**DATASET EXTRACT**.
++++++++++

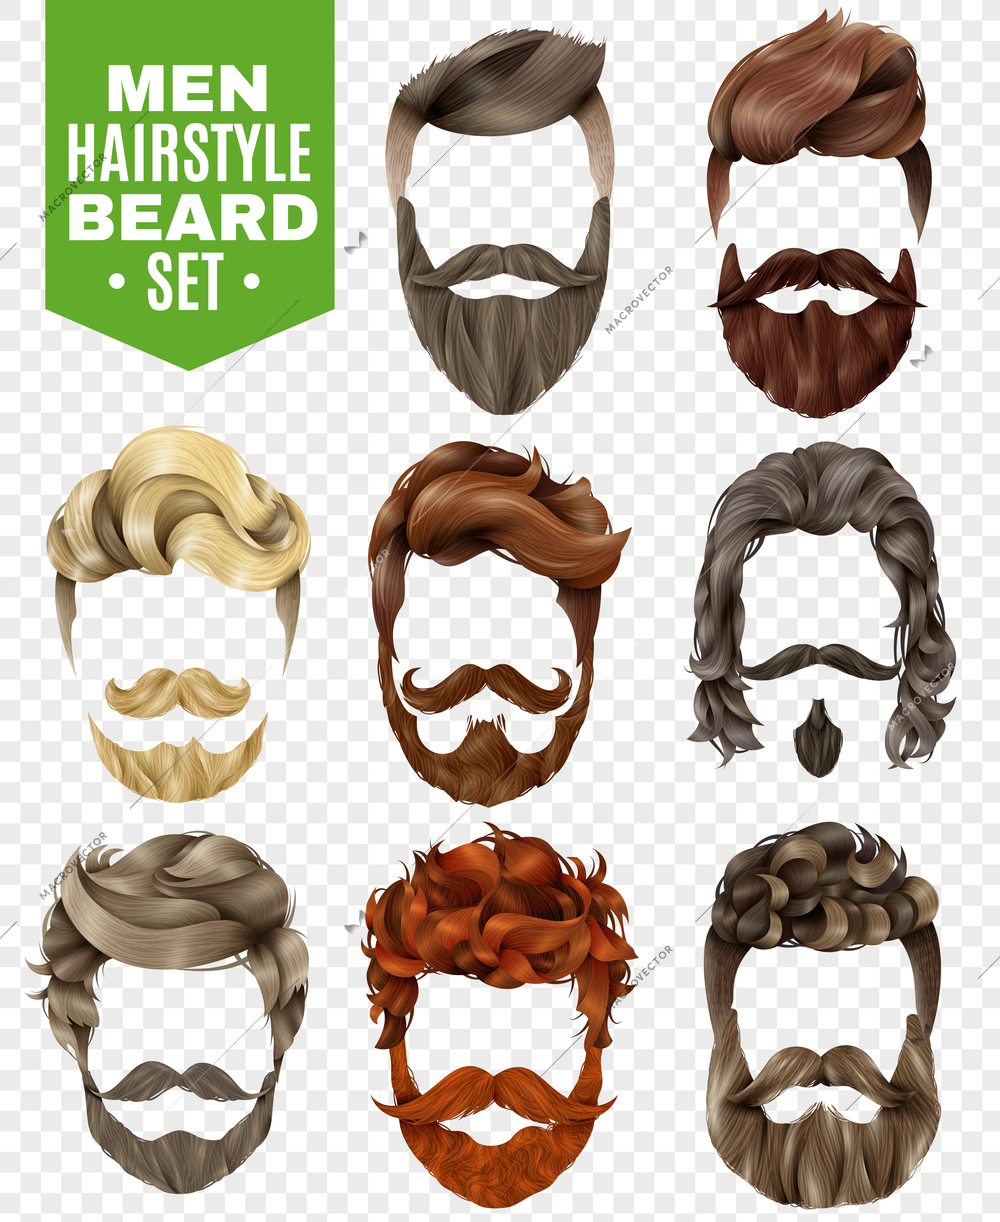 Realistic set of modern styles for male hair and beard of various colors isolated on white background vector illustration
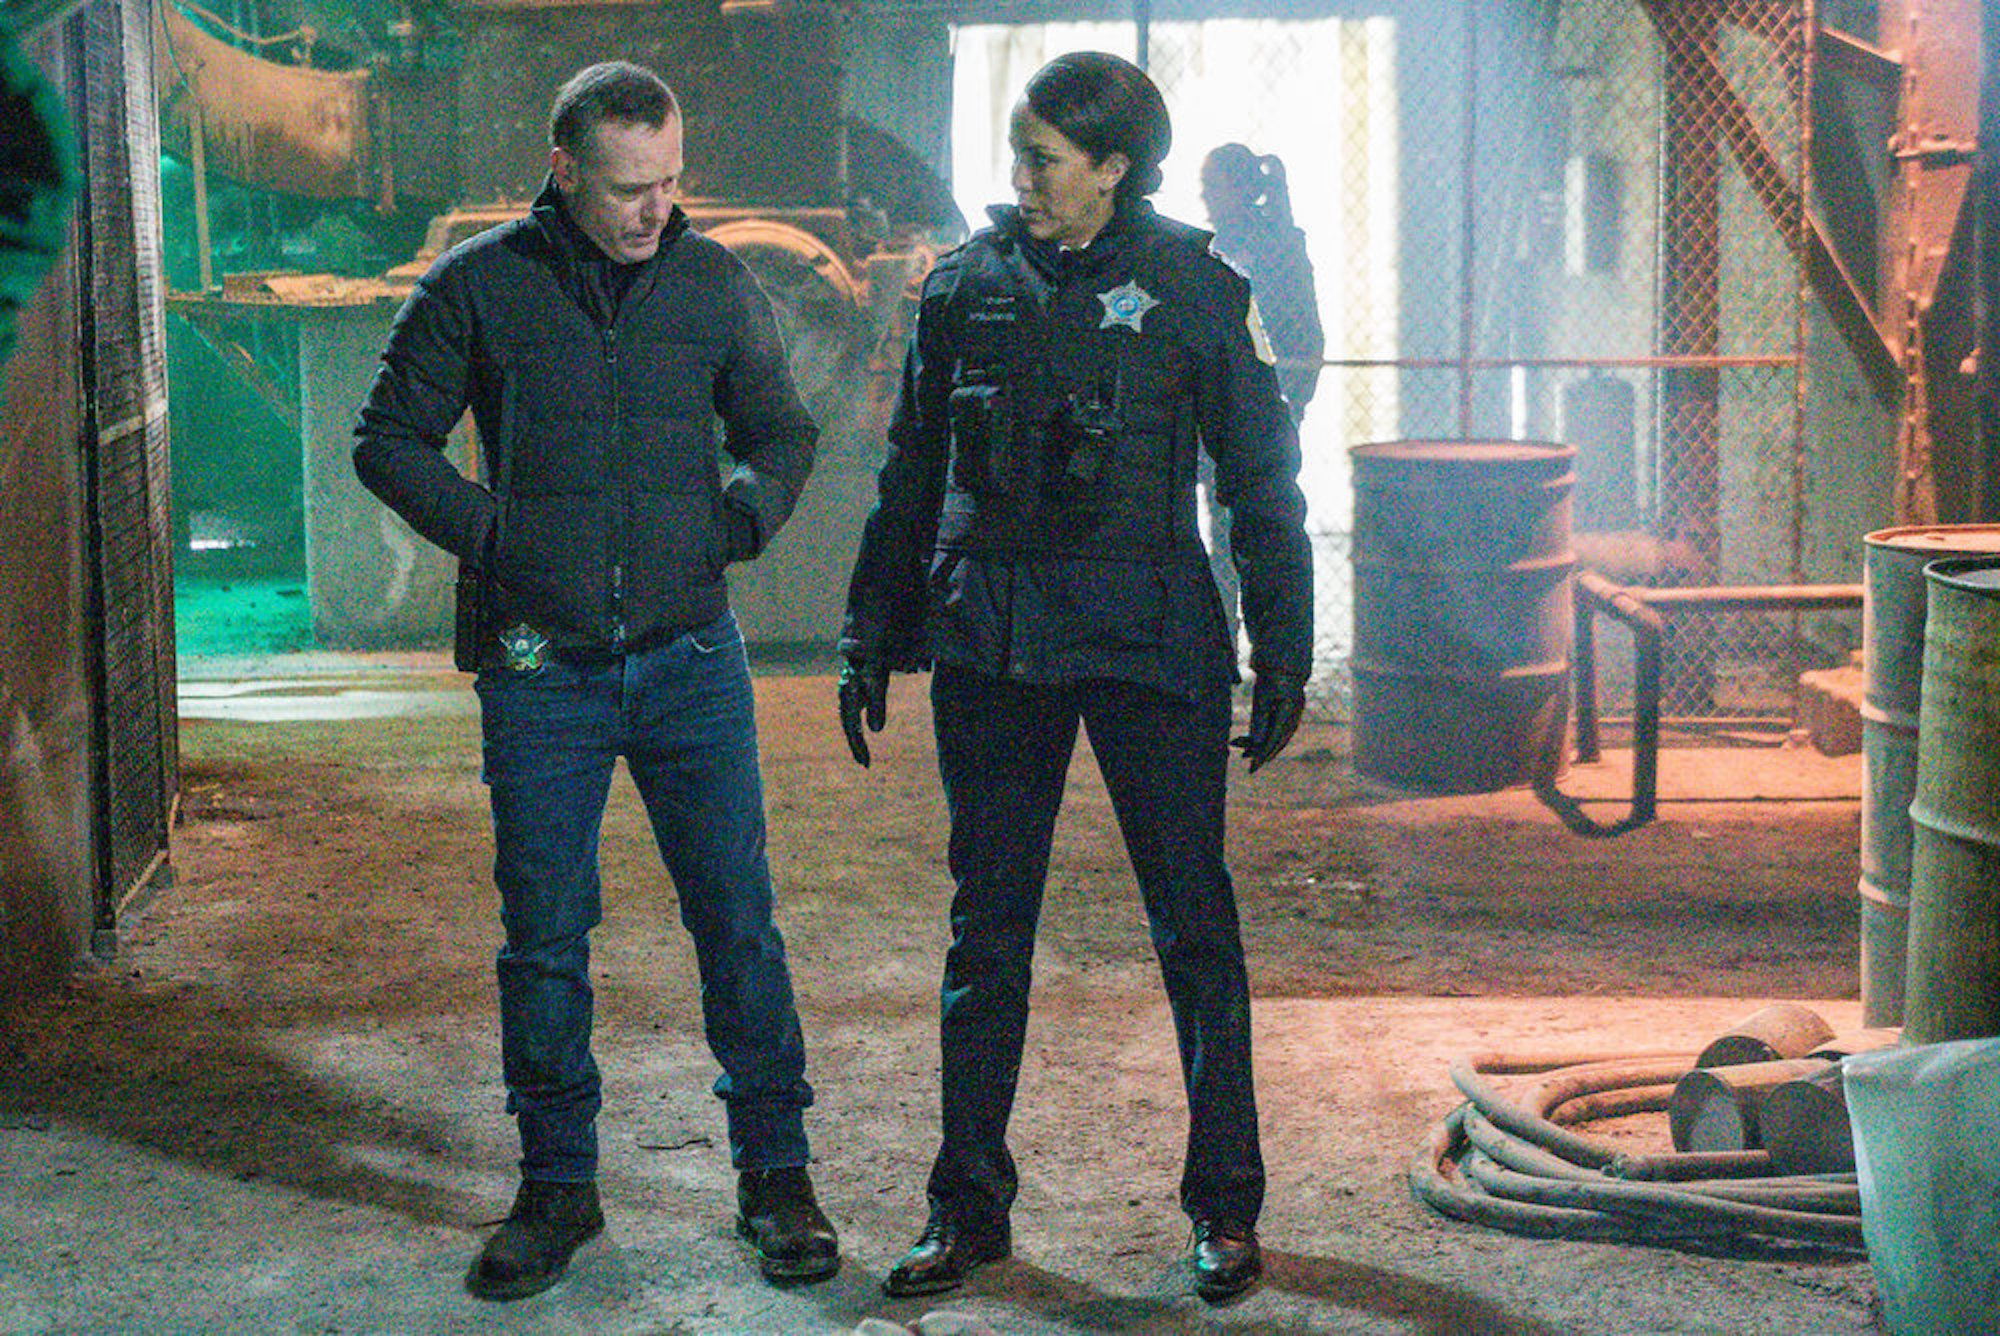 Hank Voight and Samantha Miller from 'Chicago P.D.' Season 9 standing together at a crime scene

++++++++++

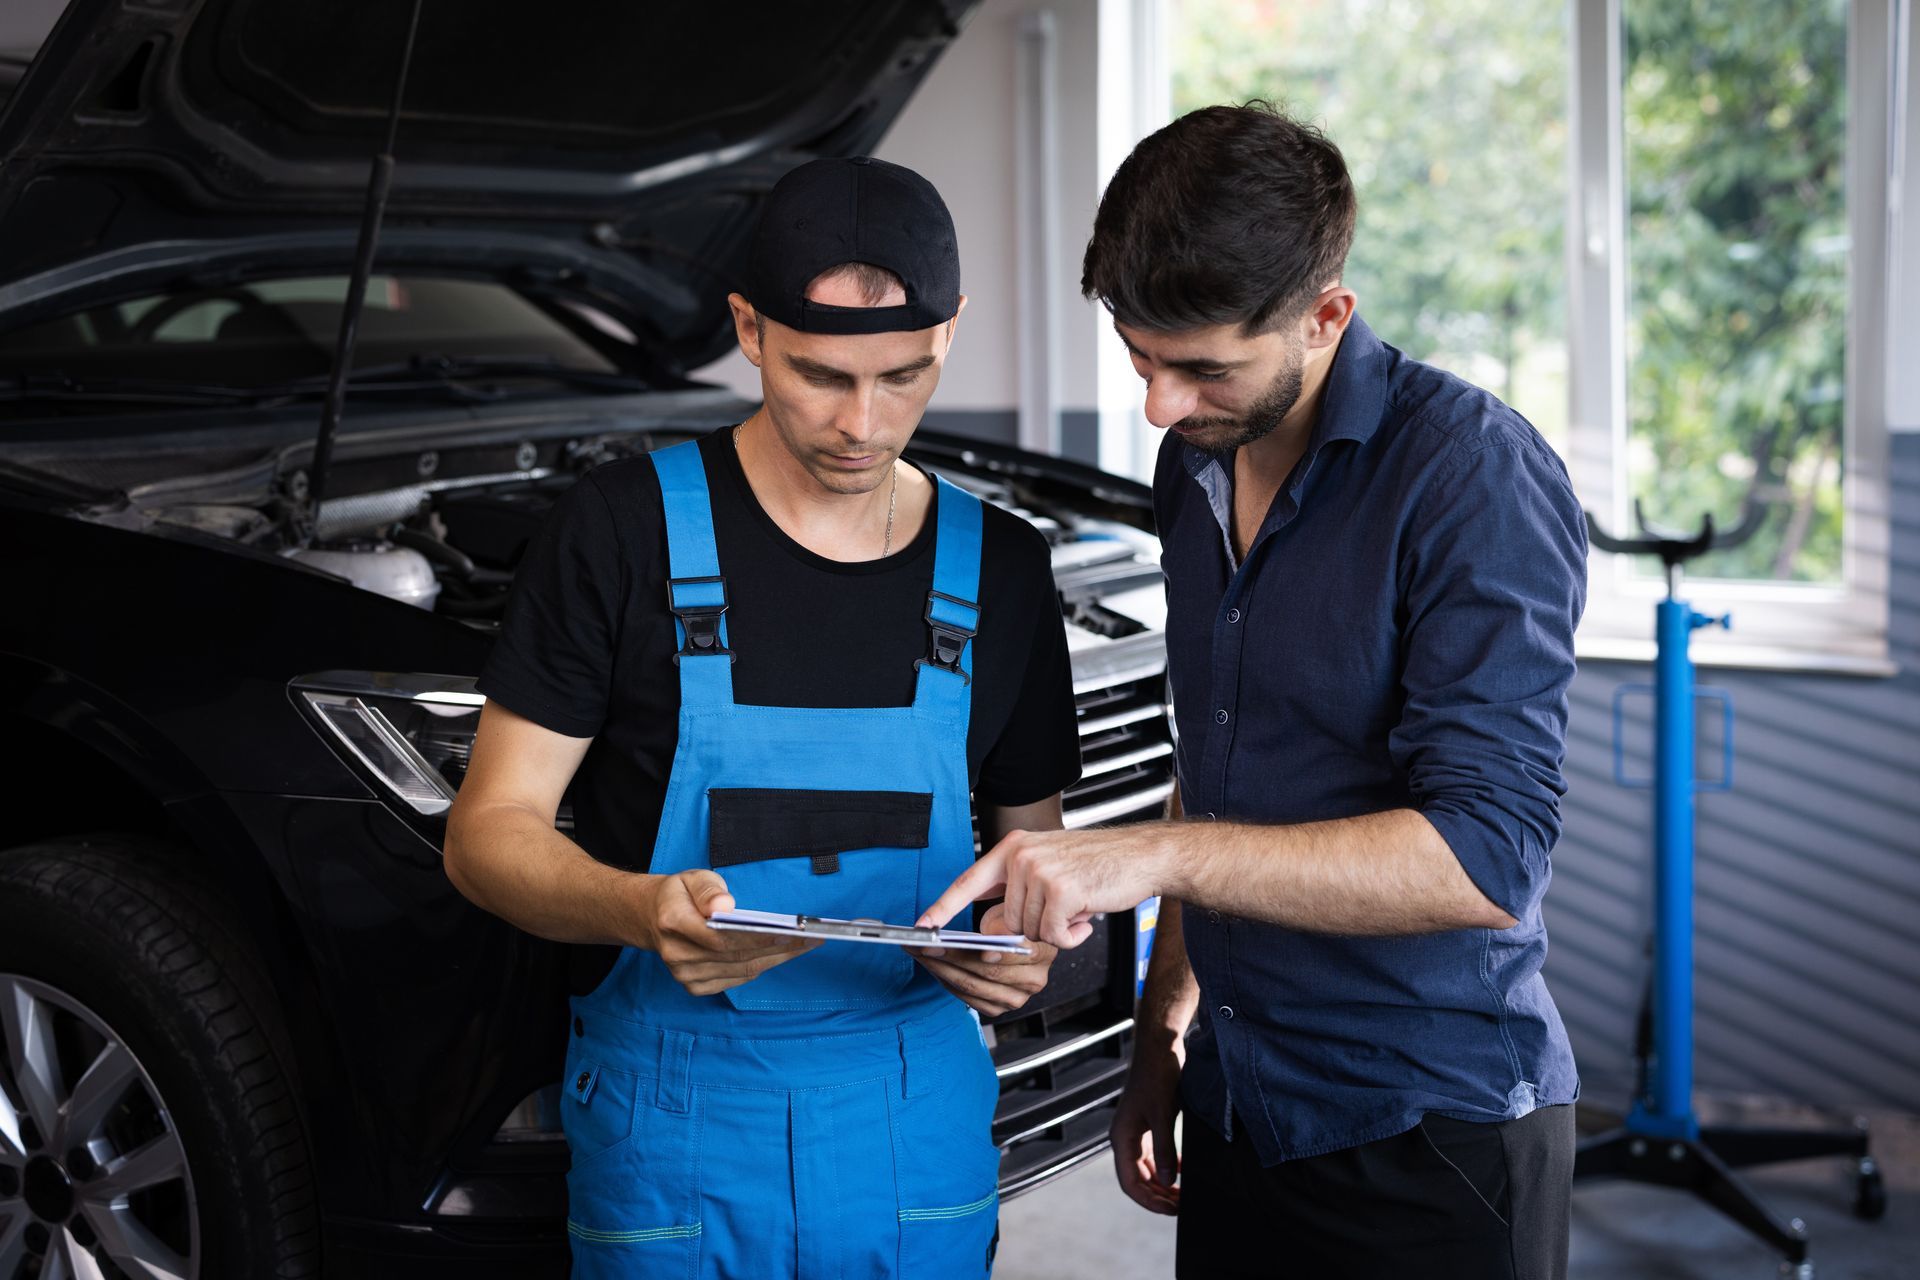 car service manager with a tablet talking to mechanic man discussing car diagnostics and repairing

++++++++++

**TASK**. Without the pictures, give again exactly the lines above starting at the line containing "Realistic set of" and ending at the line containing "Hank Voight and".

**RESULT OF THIS EXERCISE**.
 Realistic set of modern styles for male hair and beard of various colors isolated on white background vector illustration
 Hank Voight and Samantha Miller from 'Chicago P.D.' Season 9 standing together at a crime scene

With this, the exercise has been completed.